VR, AR, MR … XR … so many acronyms to describe a form of enhanced reality that is very much still in flux in this now-third decade of the 21st century. Many film and technology festivals have, for at least about 10 years now, been showcasing the state of the art as its stands in the very moment. SXSW has now rebranded the section devoted to such work the “XR Experience” exhibition. Here at the 2023 festival, I had an opportunity to walk around and marvel at the enormous variety of offerings, though time prevented me from seeing more than three.

And there is the unfortunate rub, for now: these experiences take time to watch and require a special headset (or more, as you will see below), limiting the number of people who can participate at a time. Until we move beyond the complicated interface, all of these “R”s will demand lengthy queues and careful planning to slot them in. Still, what the artists and technologists can accomplish is impressive. Thanks to the folks at Jessie Cohen PR & Consulting (I appreciate you, Nate and Frida), I was able to see the below-described exhibits.

AmazeVR’s Patrick Esch at SXSW 2023

aespa VR Concert at KWANGYA (approximately 7 minutes)

The all-girl K-pop band aespa performs two songs—”Black Mamba” and “Illusion”—in a virtual environment. In terms of user experience, this one was the most user-friendly, involving the simple donning of a headset and speakers. As a result, the team could screen for more people at once (I think there were 6 or 7 available swivel chairs in the area). I was not in any way interested in the music or dancing (sorry, aespa!), but it was a cool premise to do a concert this way. The project is led by AmazeVR, and here to tell you about it is that company’s Patrick Esch, with whom I spoke at the festival.

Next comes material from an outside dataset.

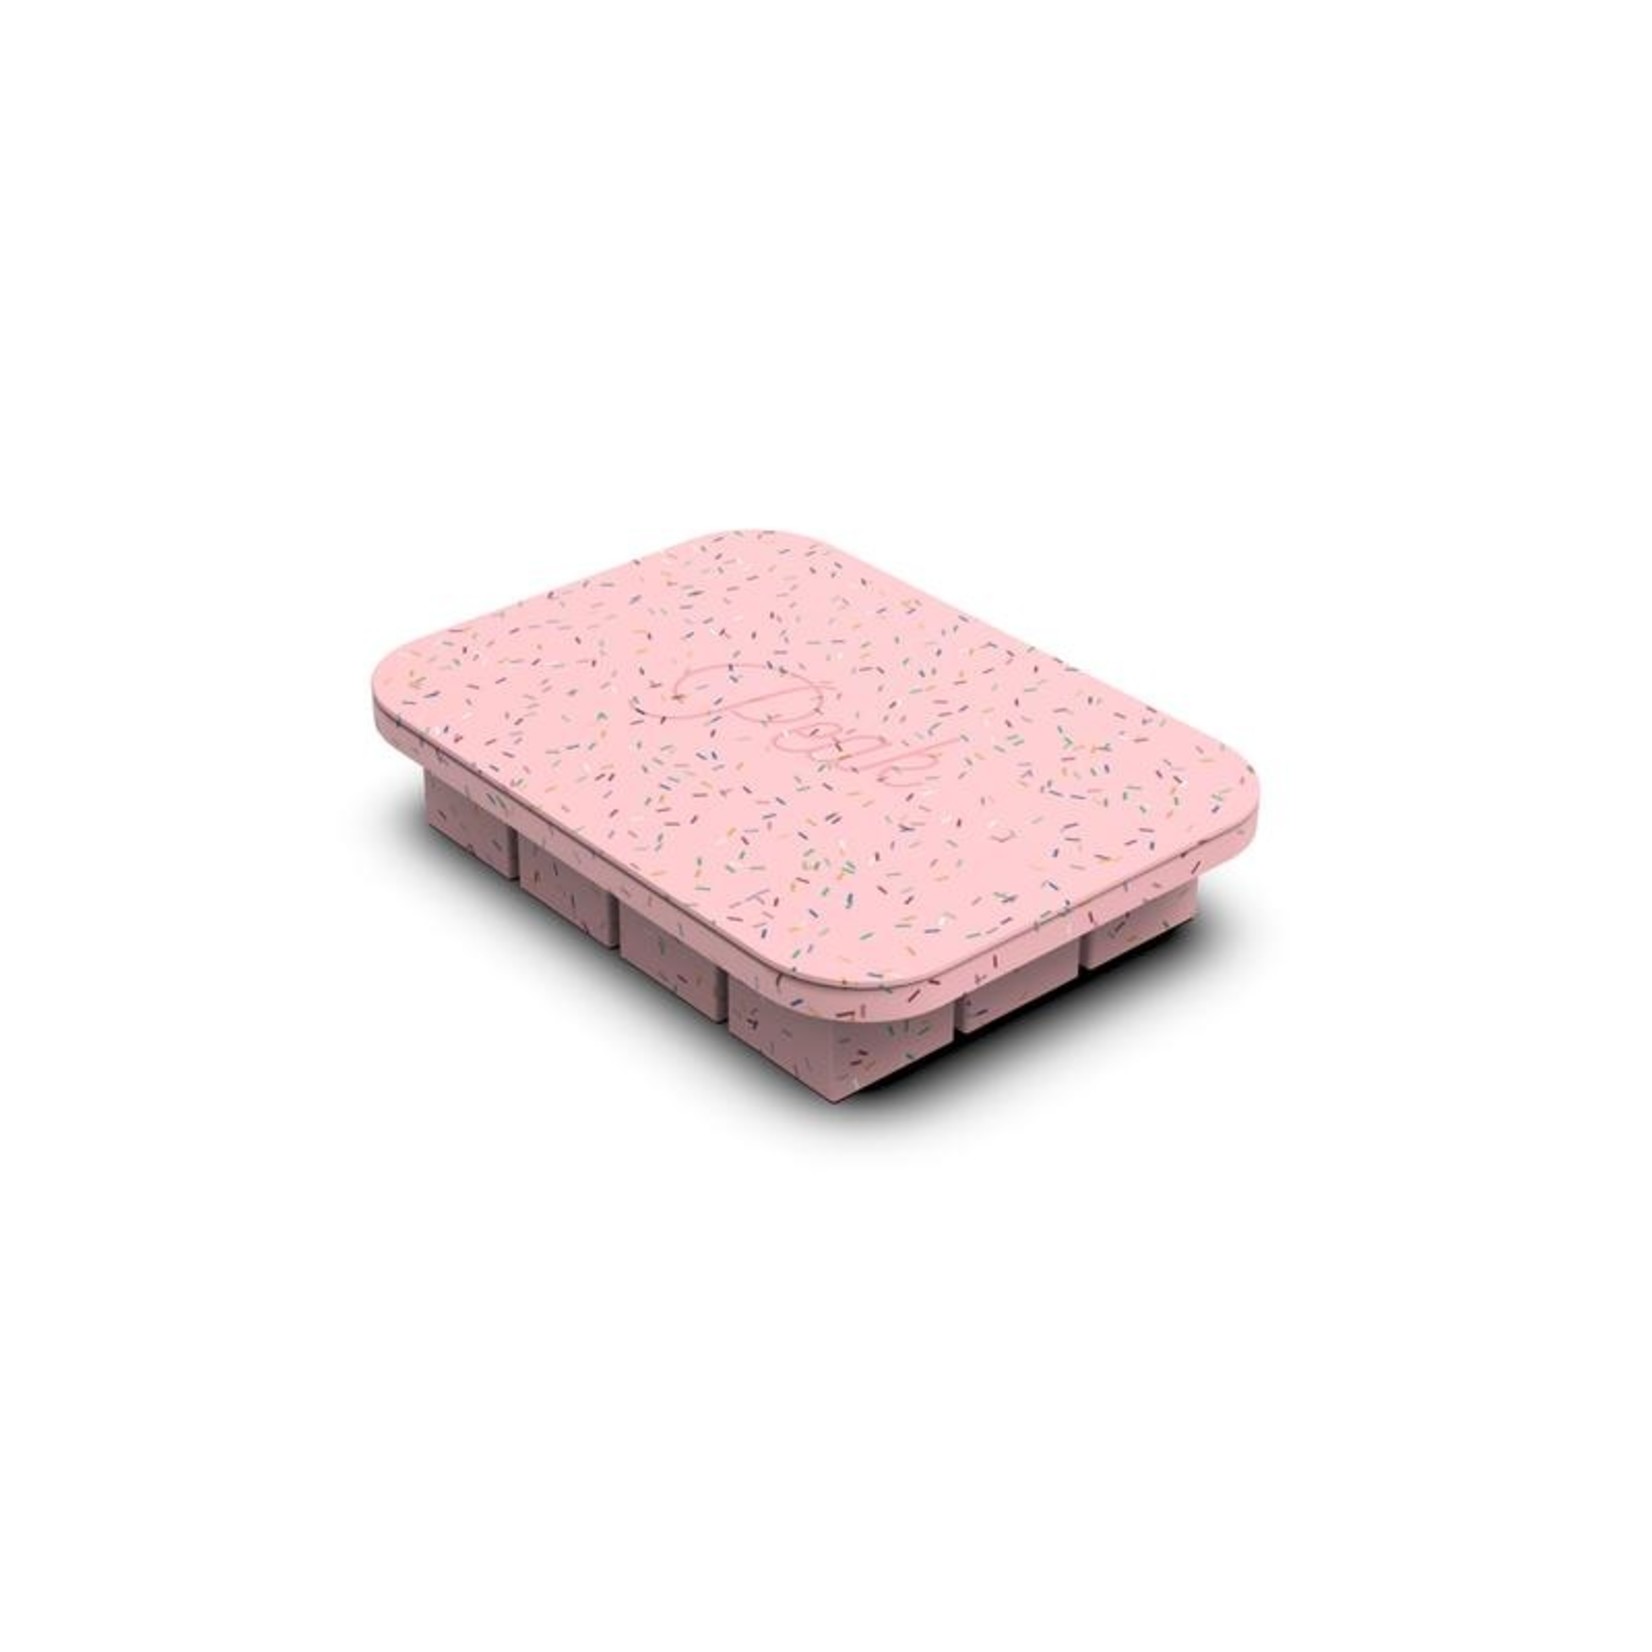 https://cdn.shoplightspeed.com/shops/613246/files/36153113/1652x1652x2/w-p-designs-peak-xl-ice-cube-tray-in-speckled-pink.jpg

Christopher Llewellyn Reed: Tell me about AmazeVR and this particular VR concert experience.

Patrick Esch: We were here last year debuting our Megan Thee Stallion experience. This year’s aespa experience has kind of the same premise. We shoot our artists by bringing them into a green-screen studio and then we take that footage and use Unreal Engine to create the virtual world around them, so you get the best of both worlds, with that realistic stereoscopic footage and then all the cool things you can do with the CGI environment. I think that’s what differentiates us from other people trying to do VR concerts. Our goal is to do a VR concert for every artist by 2023. We have a joint venture with SM Entertainment called Studio A, so we’re going to shoot more K-pop acts with them, but otherwise, we will be creating VR Concerts for all genres of music.

CLR: And since I don’t know aespa, how big a K-pop band are they?

PA: They debuted 2 years ago, so they’re not the biggest, but they are right now one of the most popular in Korea.

l-r: FORAGER creators Winslow Porter and Elie Zananiri

Forager (approximately 15 minutes)

This exhibit was a little more involved, in terms of how to experience it. In addition to a headset and headphones, there were two haptic controllers (to be used in just one section of the stream) and a beanbag chair which would vibrate in certain parts. The user is encouraged to lounger and get comfortable and move and rotate as desired throughout the project. It was simultaneously lovely and relaxing. Here to tell you about this work is technical director and co-creator (with Winslow Porter) Elie Zananiri.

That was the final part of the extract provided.